Today, around this beautiful county, people should feel guardedly encouraged. My friends, we have received some buoying news. It lifts my spirits to hear, and read that the “Crude by Rail” plan for The Port of Grays Harbor is on hold. Hopefully, this raises the spirits of all Harborites, including our children and grandchildren — even those not yet born into this “fracked & extracted” petroleum fueled world.

According to the Shoreline Hearings Board, the city of Hoquiam has made a grave error in its Mitigated Determination of Non-Significance (MDNS) for Westway and Imperium, two of the three companies wanting to bring “crude by rail” to our port each year into perpetuity. In layman terms, this means Hoquiam failed to fully consider the significant impact of these volumes of “crude by rail” on us, on our communities and on our harbor.

For now, Grays Harbor will temporarily escape an immediate thrust into the clutches of big petroleum. Permits have been remanded back to The City of Hoquiam, back to The Department of Ecology, back to the drawing board! Yippee, but it should be back in the laps of the Port Commissioners who should regret putting all this in motion—and apologize to the people of this county. Gee, maybe this wasn’t such a good idea.

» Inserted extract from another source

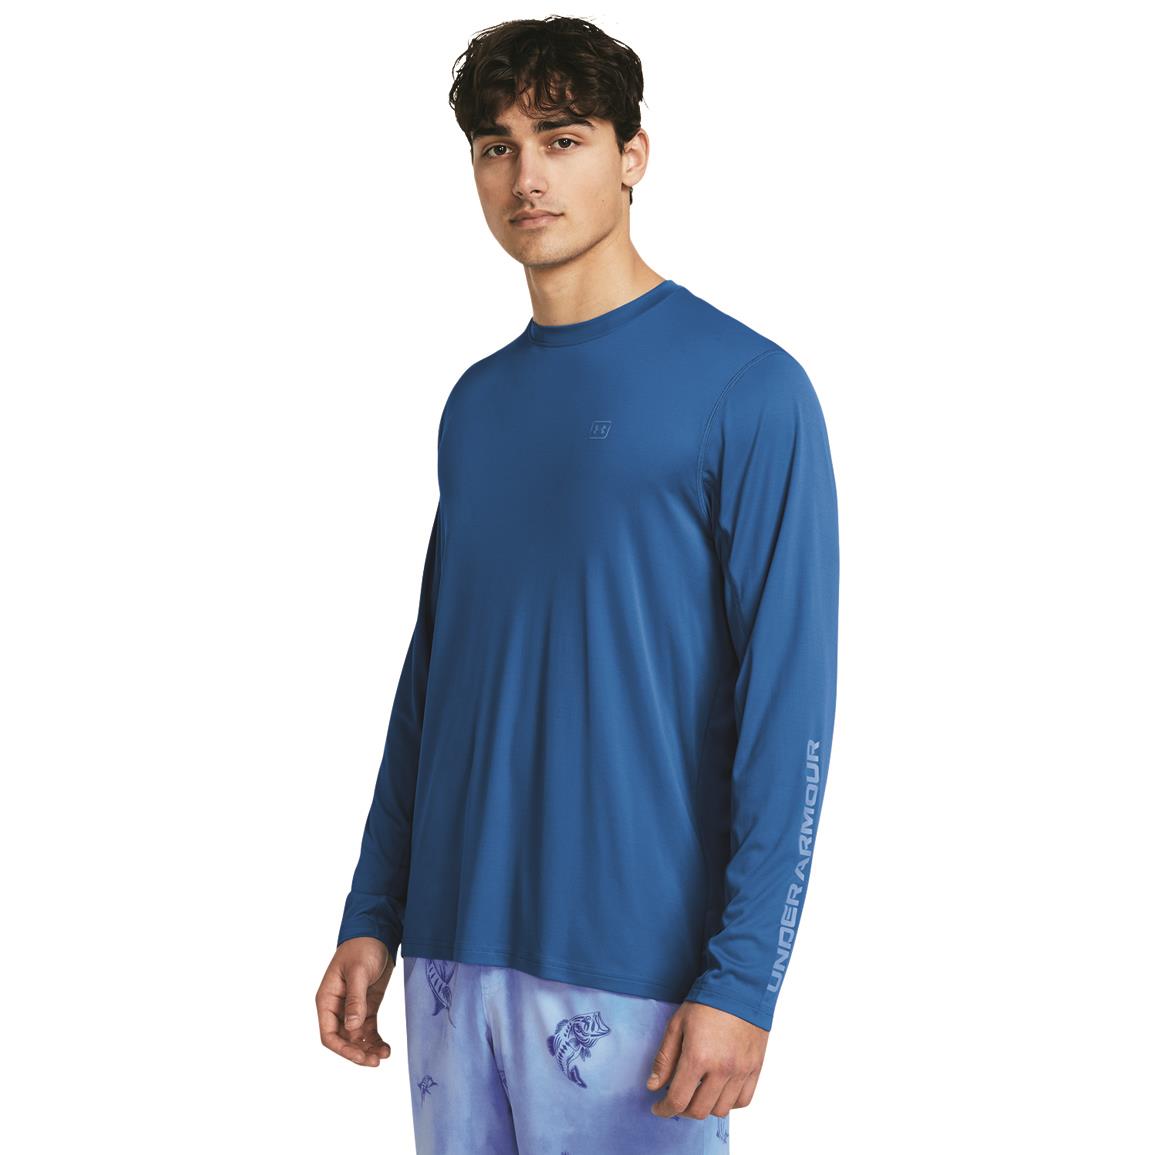 Under Armour Men's Fish Pro Chill Freedom Long Sleeve Fishing

Expert testimony has brought to light both the lack of thoroughness and the mistakes in the MDNS ruling by the City of Hoquiam, who must now take time for a more proper & thorough scrutiny on the “real impacts” — impacts of increased rail traffic on an aging infrastructure. Also, in order, is a more thorough look at increased vessel traffic, including oil tankers, oil barges and tugs, moving along with the current vessel traffic in Grays Harbor. Finally the inescapable dangers of weather & seismic events, millions of gallons of crude oil, stored in a tsunami zone — all must be addressed!

Isn’t it ironic, at the time of Hoquiam’s MDNS on Westway, many, if not most, of these same concerns were raised by 44 citizenss who took the time to do the research and write letters to the City of Hoquiam, Brian Shay and The Department of Ecology — and some to the Port. All remained silent to those letters. At that time, last May, I found it offensive that there were no responses to any citizens’ concerns from those entities. The letters were received — perhaps they weren’t read? Where is the concern for the safety and lives and jobs of we, the people of Grays Harbor County? Where is our voice? It should be coming from the mouths of our Port Commissioners. Isn’t it our Port? Don’t we pay a lot of taxes to the Port? Don’t we elect the three Port Commissioners who usually run unopposed? Not this November.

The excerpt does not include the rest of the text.